3-level stacking ensemble.
In our proposed work we have performed preprocessing of the dataset and removed outliers, missing values, and scaled the data. model selection using 10-FCV. Proposed hybrid model consists of ADASYN oversampling and a 3-level stacking approach with a PSO-optimized SVM meta-model. designed a three-layer stacking framework with KNN, DT, SVM, MLP, and LR in layer-0, Bagged DT, KNN, and LR in layer-1, and optimized SVM in layer-2. optimized SVM hyperparameters using PSO with novel fitness function. Finally, statistical analysis with paired T-test was performed to test the significance of the proposed model with base-level classifiers.
In proposed model is shown in Fig. 2. The 3-level proposed model is described in the section.
Initially data set will be pre-processed using IQR. Then, the dataset further experiments for best oversampling technique for class balance.
Architecture of the proposed Ensemble
An extended version of the two-layer stacking ensemble has been proposed to investigate whether stacking increases prediction model accuracy. The proposed stacked generalization is made up of three layers: (1) base classification, (2) meta classification 1, and (3) meta classification 2. To obtain the layer 2 meta-models, the proposed stacking classifier utilized five (5) base classifiers, all of which were trained using three (3) selected meta-classifiers. The three (3) meta-models formed by each meta-classifier were transmitted to the next layer, which produced the final prediction model with a single meta-classifier.
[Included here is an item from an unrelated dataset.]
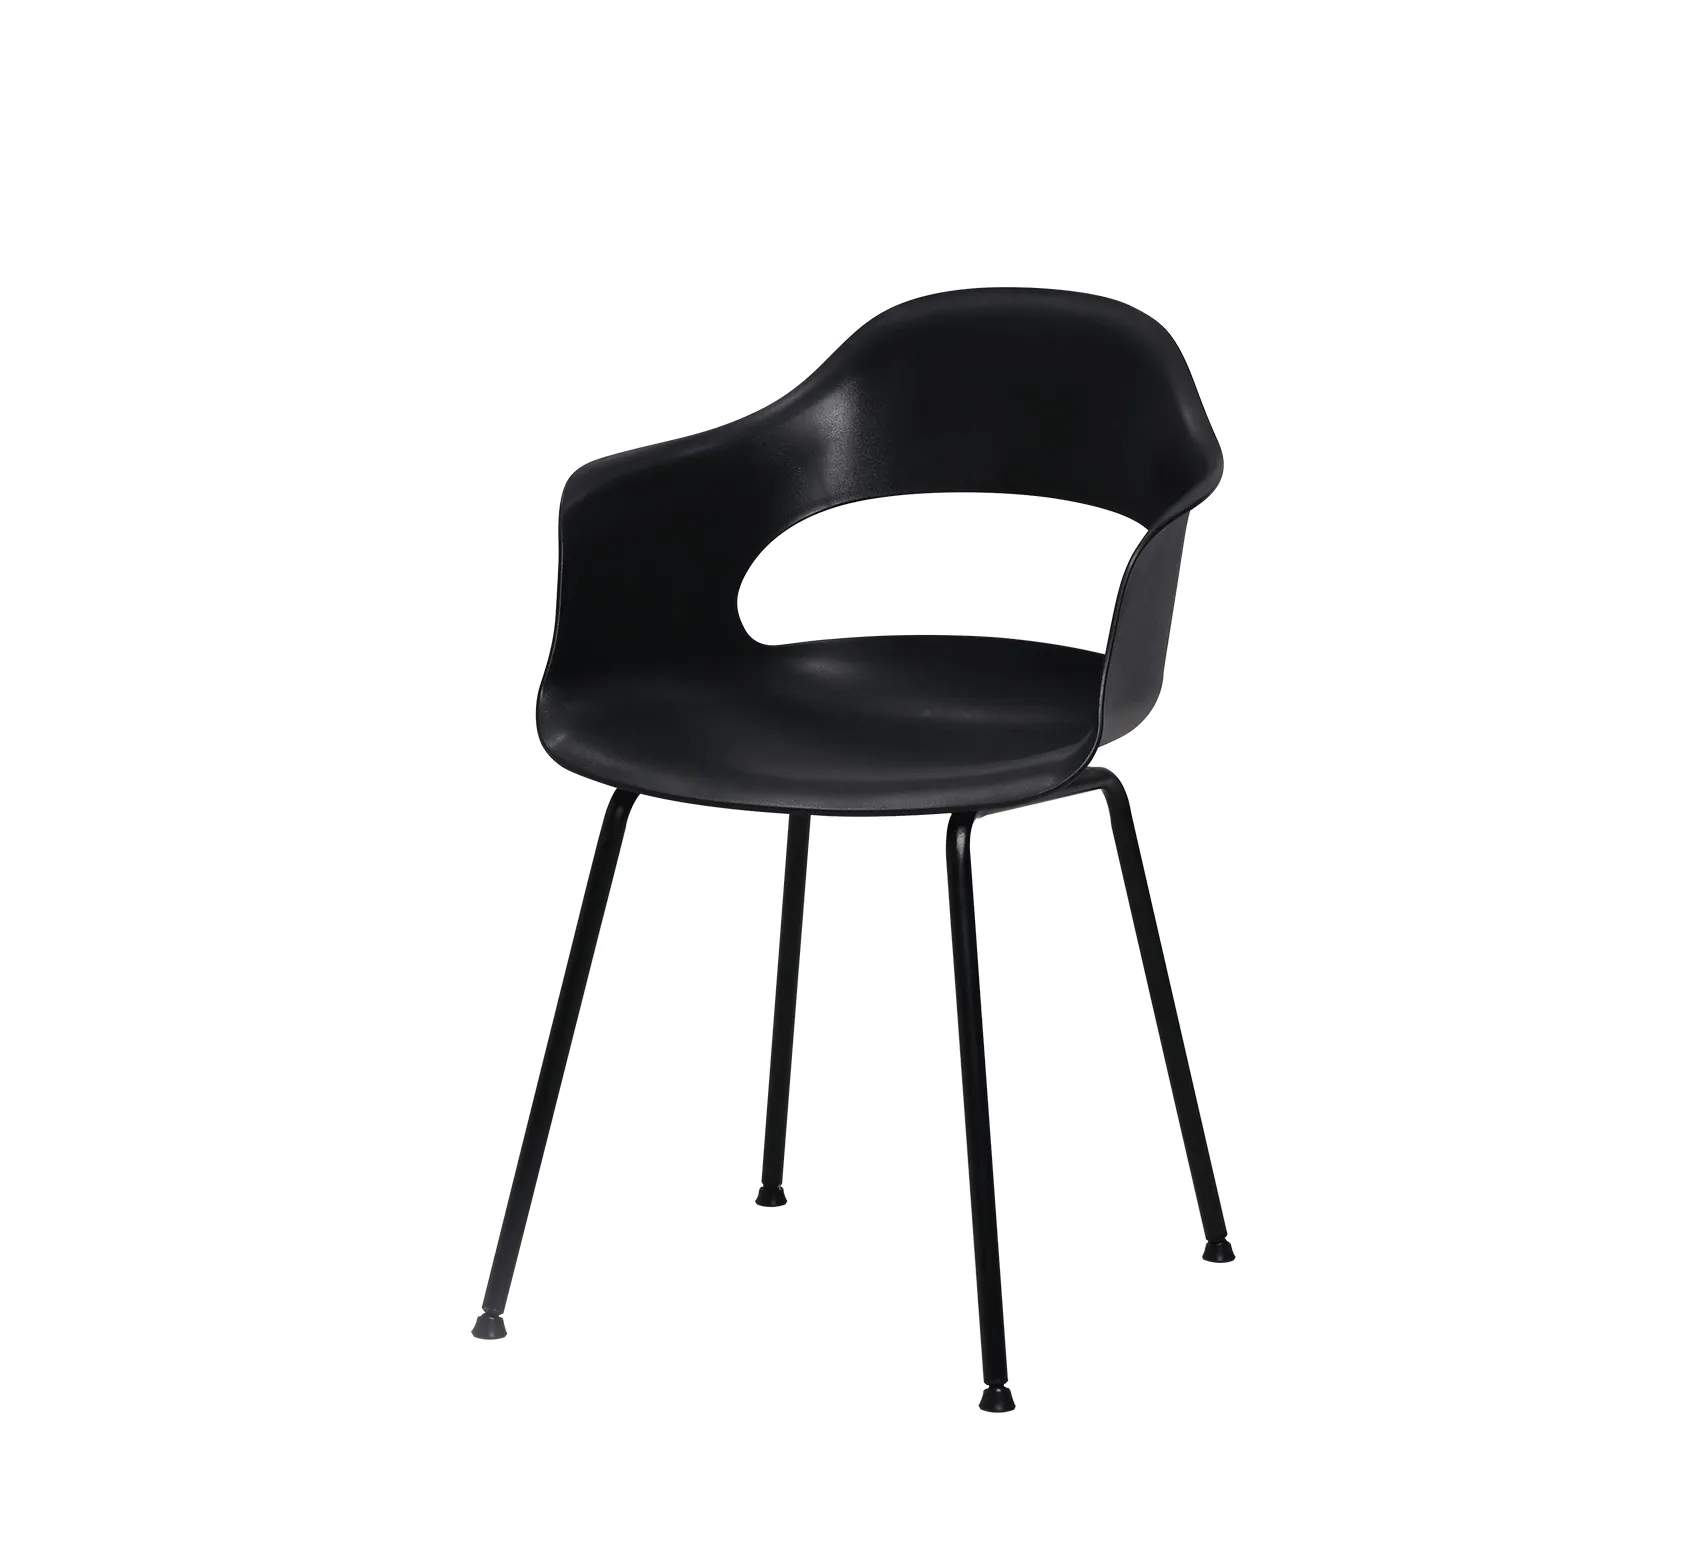 Olymplast Avanty Chair C - BLACK

For layer 0 base classification, the proposed extended stacking classifier employs the LR, KNN, DT, SVM, and MLP algorithms. Because these ML models were chosen using 10-FCV.
Individual classifiers create prediction models with varying degrees of accuracy. Layer 0’s output prediction models were used as layer 1’s inputs.
Layer 1 meta-classifiers include LR, KNN, and bagged DT classifiers. The choice of a meta-classifier should be based on the prediction job, and as of this writing, the meta-learners have opted to produce the layer 1 output [42]. SVM was used as the proposed procedure’s layer 2 meta-classifier. The selection of distinct algorithms is motivated by the fact that they take fundamentally varied approaches to model generation and focus on data in different ways to make a meaningful contribution to ensemble implementation. On a single dataset S, different learning algorithms L1, L2,..., L N are applied to examples s k =(x k , y k ), i.e., pairs of feature vectors (x k ) and their classifications. (y k ). The first layer generates the basis classifiers C1, C2,..., and C N , where C k = L k . Meta-level classifiers are trained in the second layer to aggregate the outputs of base-level classifiers.
Stacking framework
A novel three-level stacking framework is proposed. In the proposed framework there are three levels. In Level 0, LR, KNN, DT, SVM, and MLP classifiers are used. In level 1, Bagging DT, KNN, and LR classifiers are used. In level 2, an optimized SVM is used. Here, the SVM parameters are optimized using PSO with a novel fitness function.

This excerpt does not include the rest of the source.